(SUPPLIED DATA Opens)
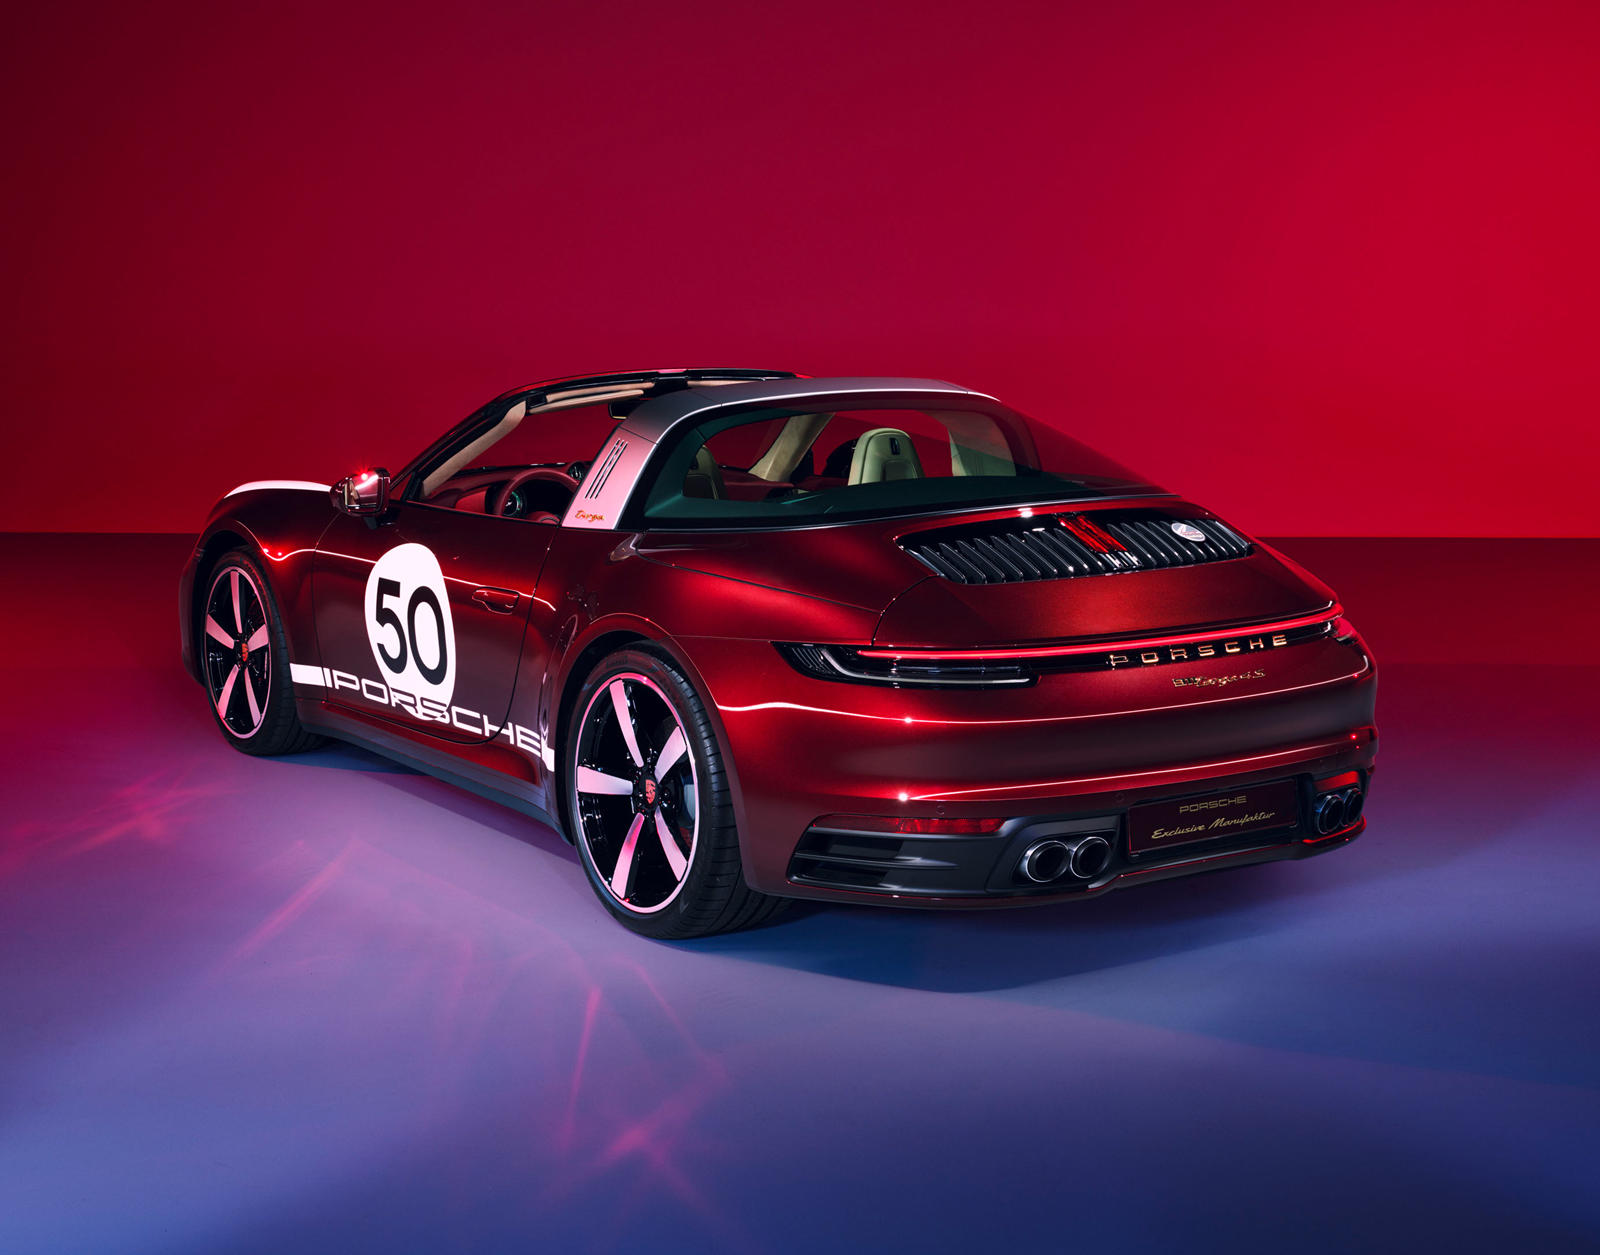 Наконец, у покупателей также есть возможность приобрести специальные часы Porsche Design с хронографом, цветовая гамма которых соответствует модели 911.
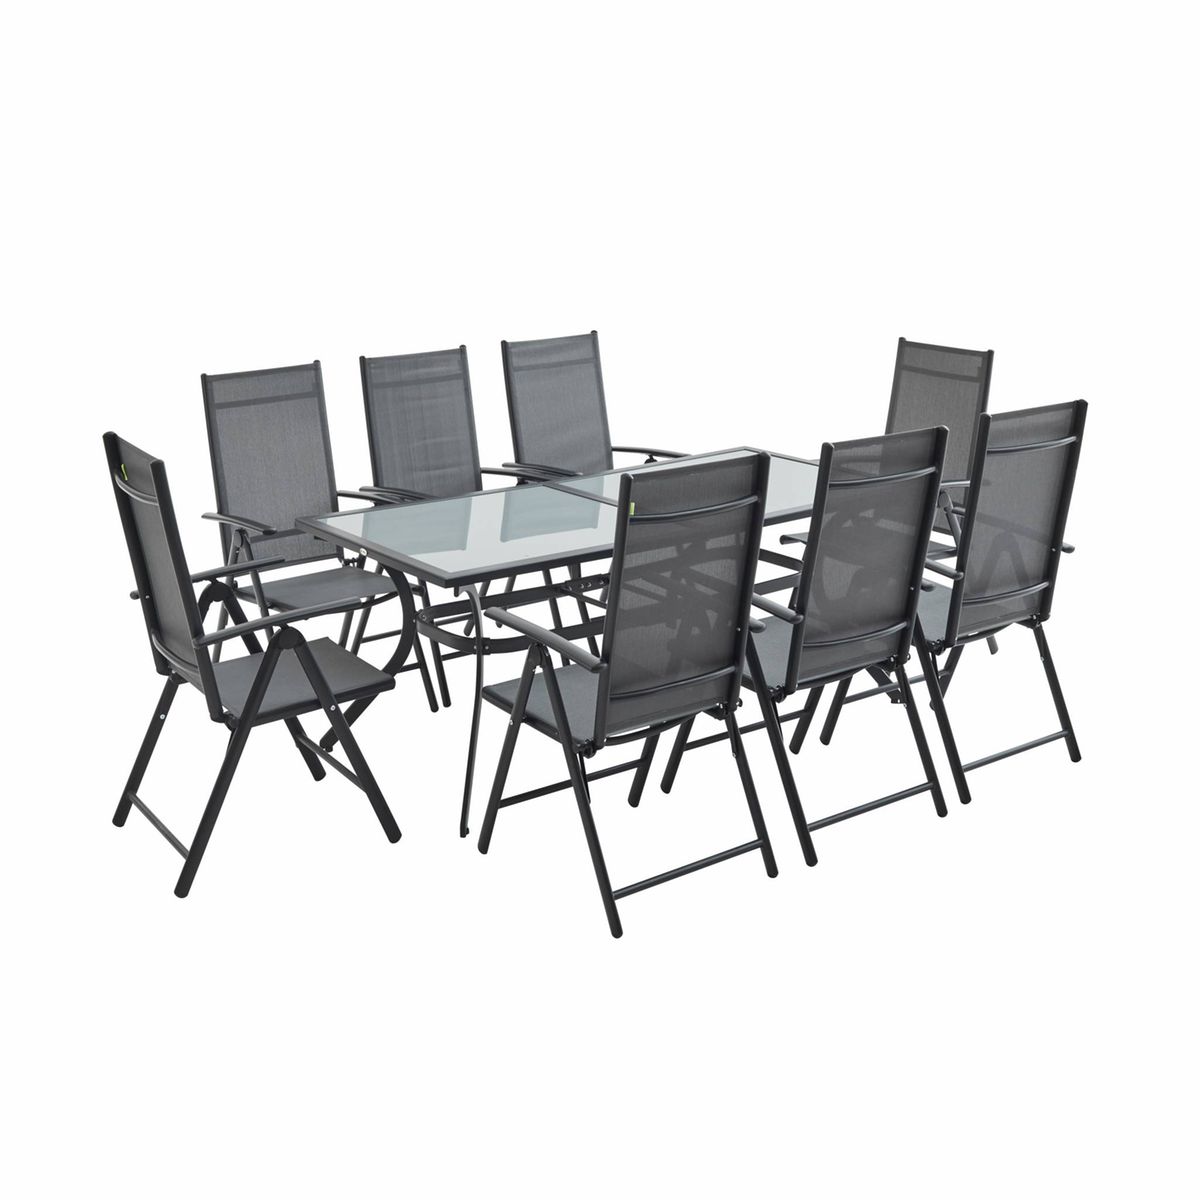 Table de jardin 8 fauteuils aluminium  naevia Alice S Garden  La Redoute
(SUPPLIED DATA Closes)
(SUPPLIED DATA Opens)
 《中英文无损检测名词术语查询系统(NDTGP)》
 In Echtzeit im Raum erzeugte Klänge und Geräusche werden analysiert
(SUPPLIED DATA Closes)
Repeat the lines above exactly, beginning with the one containing "Наконец, у покупателей" and finishing with the one containing "Table de jardin". No pictures belong in the copy.

* **TASK RESPONSE**:
 Наконец, у покупателей также есть возможность приобрести специальные часы Porsche Design с хронографом, цветовая гамма которых соответствует модели 911.
 Table de jardin 8 fauteuils aluminium  naevia Alice S Garden  La Redoute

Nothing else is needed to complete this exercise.